“Oh, a hell of a lot of it; say, fifteen thousand dollars’ worth.”
The man in brown was taken aback at the mention of such large figures. Kerrigan was eying him up, not missing a trick.
“Well,” answered the stranger, “that’s a pretty big order, but I guess I can fix you up all right. Could you come for the stuff yourself?”
“Yeah,” answered the Wolf. A pause. Then: “Where?”
“Well, I could deliver it to you at an old farmhouse outside of Rutland, Vermont, if that wouldn’t be too far for you to come. You see, I don’t like to take a chance on bringing so much down here to New York. I been doin’ quite a business lately with my two partners, and the agents might be on to me.”
Kerrigan feigned indecision. At length he said:
“Well, the agents won’t bother me.
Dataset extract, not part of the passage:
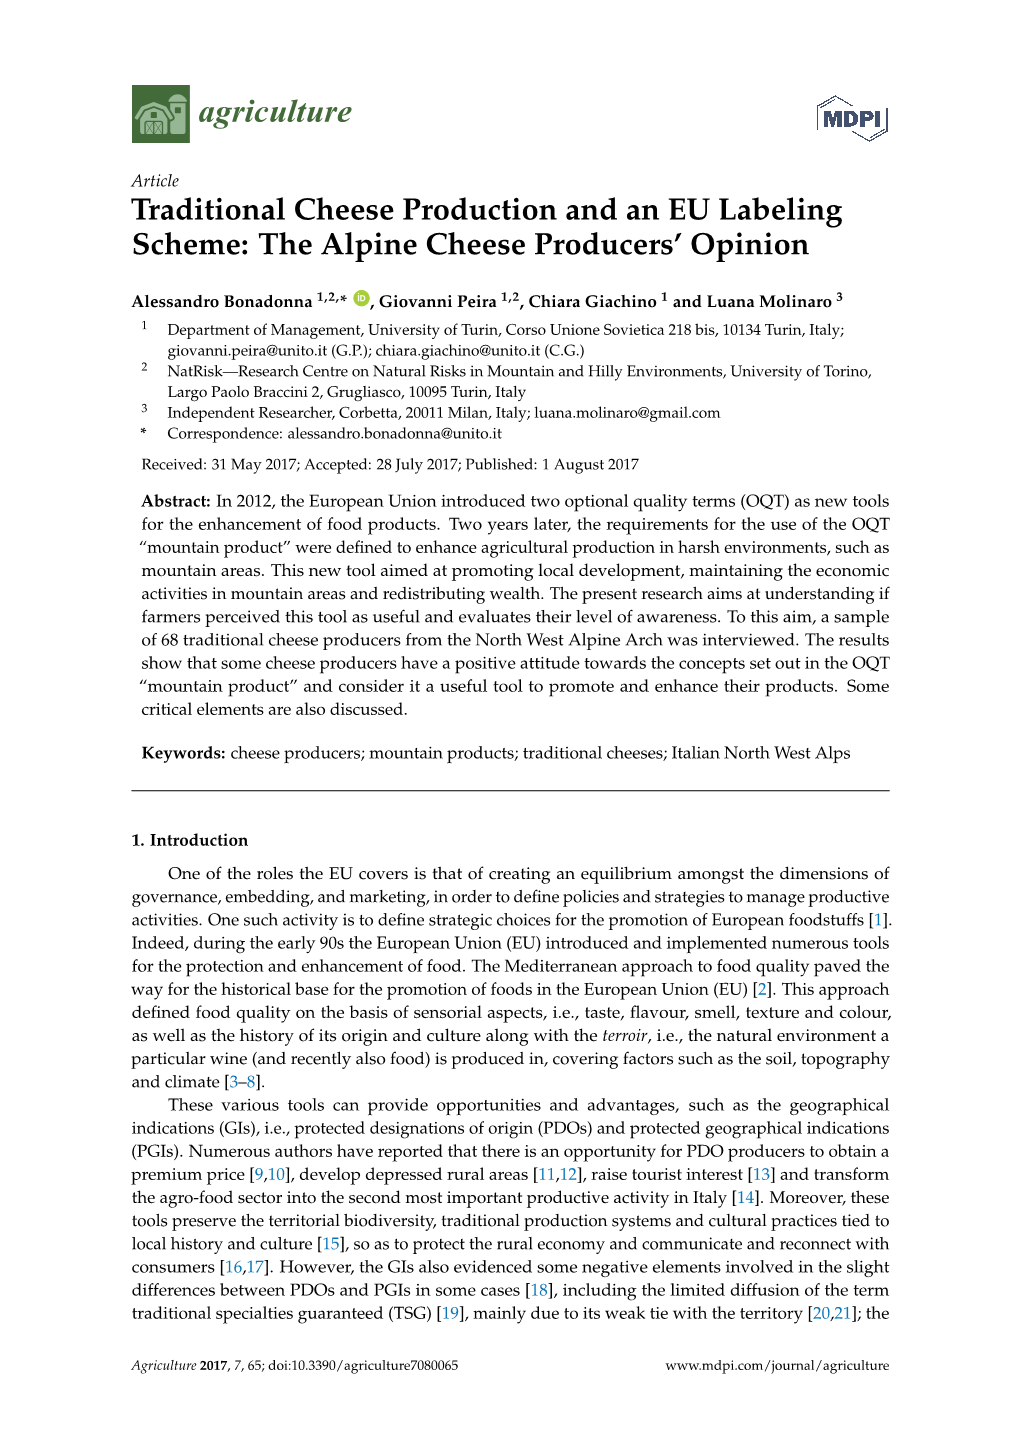 Traditional Cheese Production and an EU Labeling Scheme: the Alpine Cheese Producers' Opinion
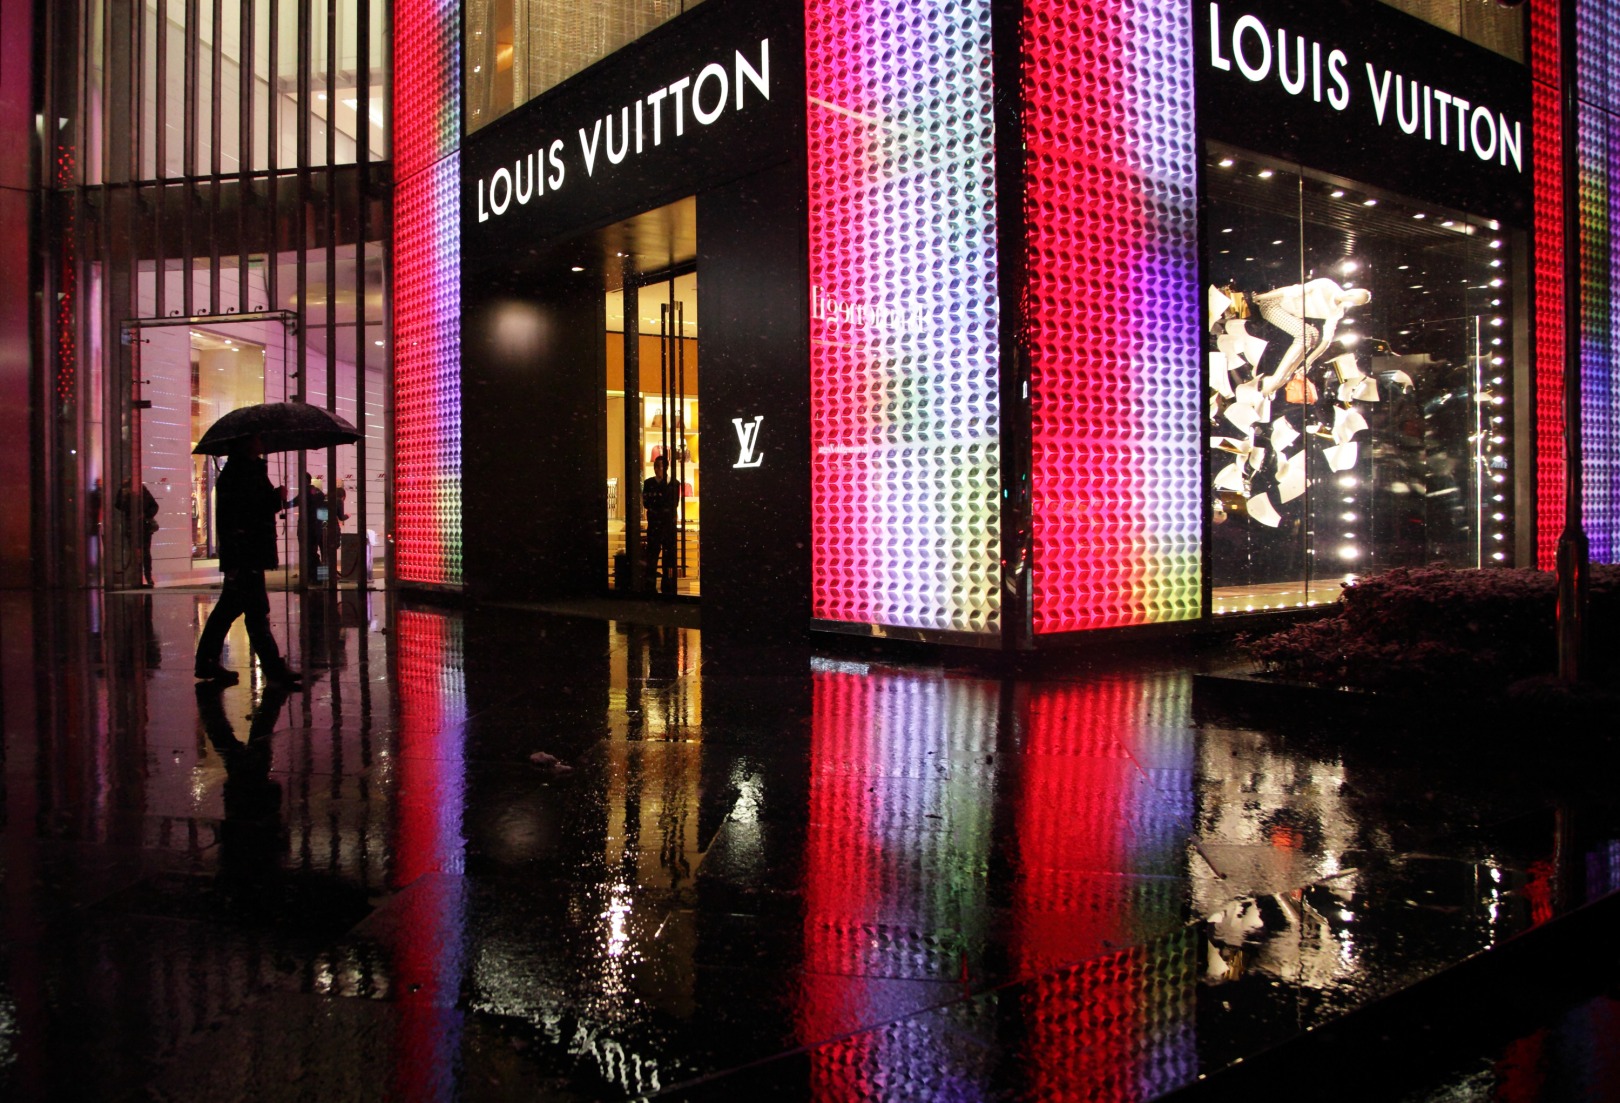 Louis Vuitton to close a major HK store as protests hit sales - CGTN

I’ll come up to Vermont. Just where is the place?”
The stranger gave Kerrigan detailed directions as to how to reach a deserted farmhouse situated along a lonely road ten miles out from Rutland.
“You can’t miss it,” he concluded. “It’s a big place and sets far back from the road. It ain’t been occupied in years.”
“What time will I see you there?” asked Kerrigan.
“Eleven o’clock sharp to-morrow night — will that be satisfactory to you?”
“Yeah, that’ll be O K. I’ll be there.”
“You’ll have the cash with you?”
“I’ll have fifteen thousand in my pocket. What’s your name?”
“Phelps — Ned Phelps.”
The following night, at eight o’clock, Kerrigan and Agent Ray Connolley alighted from a train in Rutland. The night was pitch black. A storm was brewing.
The two agents hired a decrepit automobile and drove over ten miles of lonely country roads and finally arrived at a spot where a deserted old house sat far back from the road. A stretch of woods began in the rear of the place.
“This must be it, Ray,” opined the Wolf. “Now, here’s what we’d better do: I’ll take you back down the road and leave you at that gas station we just passed and then I’ll come back here. If I don’t return to the gas station by eleven thirty, you come after me. I want to handle this baby alone because if he sees you anywhere around he’s sure to blow.”
“But he might turn out to be a tough egg when he finds out who you are,” ventured Connolley.
“He won’t turn out to be half as tough as I am,” replied the Wolf.
So Kerrigan drove Connolley to the gas station, about a quarter of a mile back toward Rutland, left him there, and returned in the machine to the old farmhouse. He parked his car in from the road, alighted and walked into the dark, deserted structure. With the aid of his flashlight he saw that the floors were bare and that there was not a piece of furniture in the place. The wind whistled ominously through innumerable cracks in the sides of the house and any one but Kerrigan, there alone, would have been frozen by fright.
After completing his explorations, the Wolf took a seat on the floor of what had once been a parlor, drew his overcoat collar up around his neck, and proceeded to wait for eleven o’clock.
A couple of minutes before eleven o’clock the dozing Kerrigan was awakened by the noise of an old flivver, which pulled up in front of the house. He went to the front door and there saw the man who had sold him the dope in New York coming up the porch steps.
“Well,” said Phelps, “I see you got here all right.”
“Yeah,” said the Wolf, smiling, “I’ve had a pretty cold wait; been here since ten.”
The peddler, still sporting his natty brown outfit, led Kerrigan back into the house, lit a couple of candles which he had brought with him and then drew a gun on the little agent.
“Are you a narcotic man?” snapped Phelps.
“Lord, no,” replied Kerrigan: “What made you think that?”
“Well, I wasn’t sure — and I ain’t sure yet!”
With that, Phelps, holding his gun in his right hand, ran his other hand through the Wolf’s hip, jacket and overcoat pockets, but found no trace of what he was looking for — a gun. Kerrigan, however, had his trusty automatic with him, but it was reposing in the left-hand arm pit of his jacket. That’s where the Wolf always carried his gun. It was placed in such a manner that the barrel pointed downward and the handle stuck out from the arm pit, making a quick draw quite simple. And, let it be recorded, one of the late Jim Kerrigan’s many specialties was a quick draw.
“Well,” said Phelps, after his examination of the agent’s person had been completed, “I guess you’re all right. But if I’d found out you was an agent, I’d knock you off in a minute... Got the money for the stuff?”
Kerrigan produced a roll of greenbacks and handed them over to the man in brown. The latter counted them, by the aid of candlelight, pronounced the sum “fifteen thousand iron men; just right” and then told Kerrigan to come outside with him.
“We got the stuff in two suitcases in the machine here,” said Phelps, indicating the flivver.
When Kerrigan approached the machine, he noticed two men sitting in silence in the rear of the car. He had not anticipated dealing with three dope runners!